Dans ce nouvel épisode, nous accueillons Antoine Barraud, réalisateur de films - notamment du récent Madeleine Collins - mais aussi producteur et fondateur de la société « House on fire », et enfin foisonnant cinéphile pour qui faire et regarder des films relève du même élan.
Amateur de cinéma expérimental autant que de gros blockbusters, notre invité fait le grand écart entre les courts métrages sublimes et sulfureux de James Bidgood, et le célèbre mélodrame Kramer contre Kramer (R. Benton) - avec la même passion.
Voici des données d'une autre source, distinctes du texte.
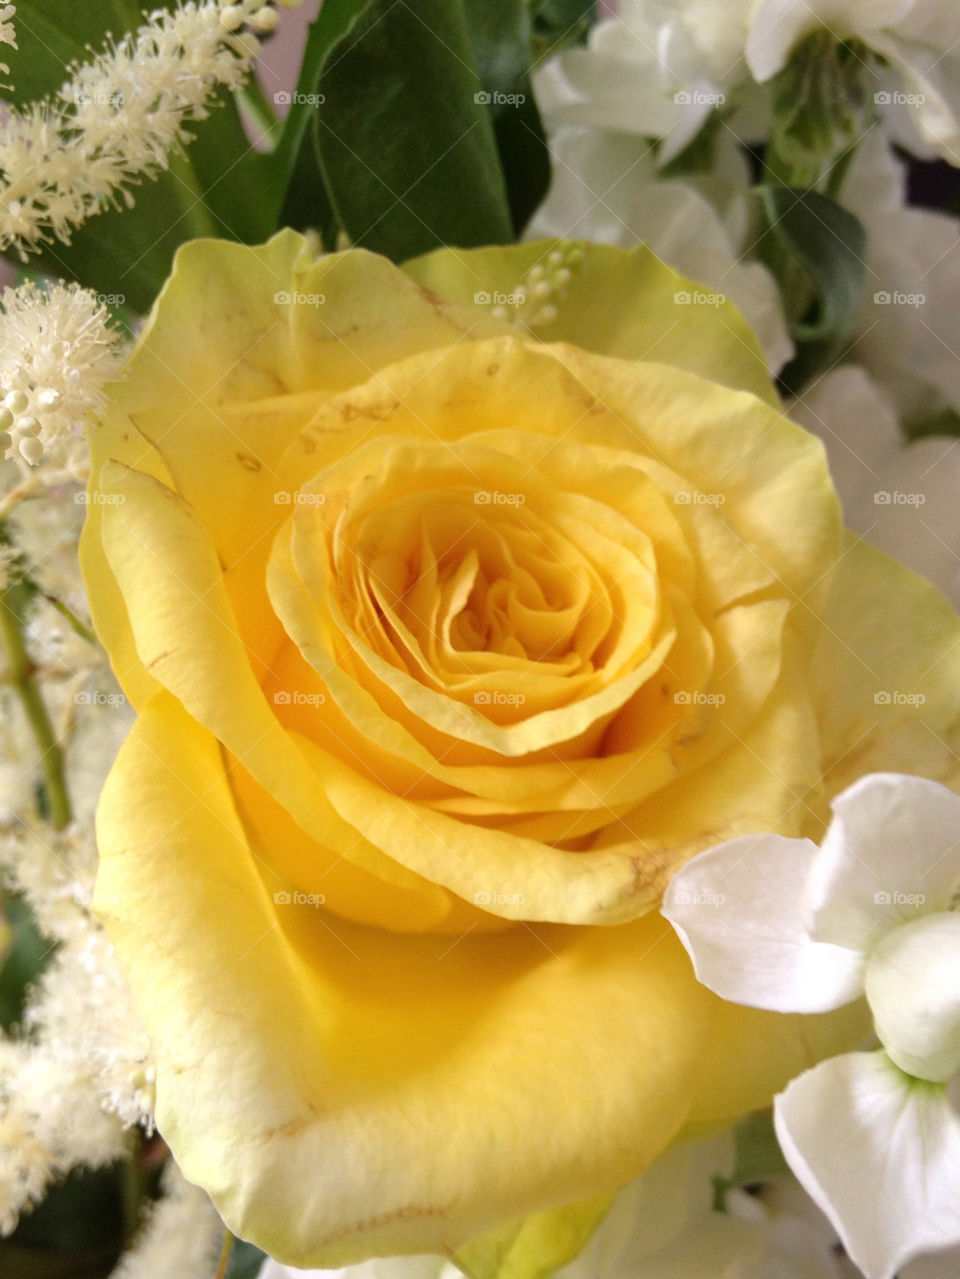 sweden yellow ros roses by casperlo

Adorateur de la figure du monstre, il dresse un large tableau du cinéma où le monstre n’est jamais loin - de Trouble every Day (C. Denis) à Incassable (N. Shyamalan) - où il est toujours en prise avec le réel, et où l’émotion du cinéma nait précisément de cette friction entre le monstrueux et une certaine réalité, voire banalité, du quotidien. Ce faisant, Antoine Barraud peint le portrait d’une cinéphilie gourmande, politique, joyeuse, sensible, où les films deviennent des véritables choc de vie, où les sublimes mensonges du cinéma deviennent des images résonnant avec une justesse infinie dans nos corps et dans nos esprits.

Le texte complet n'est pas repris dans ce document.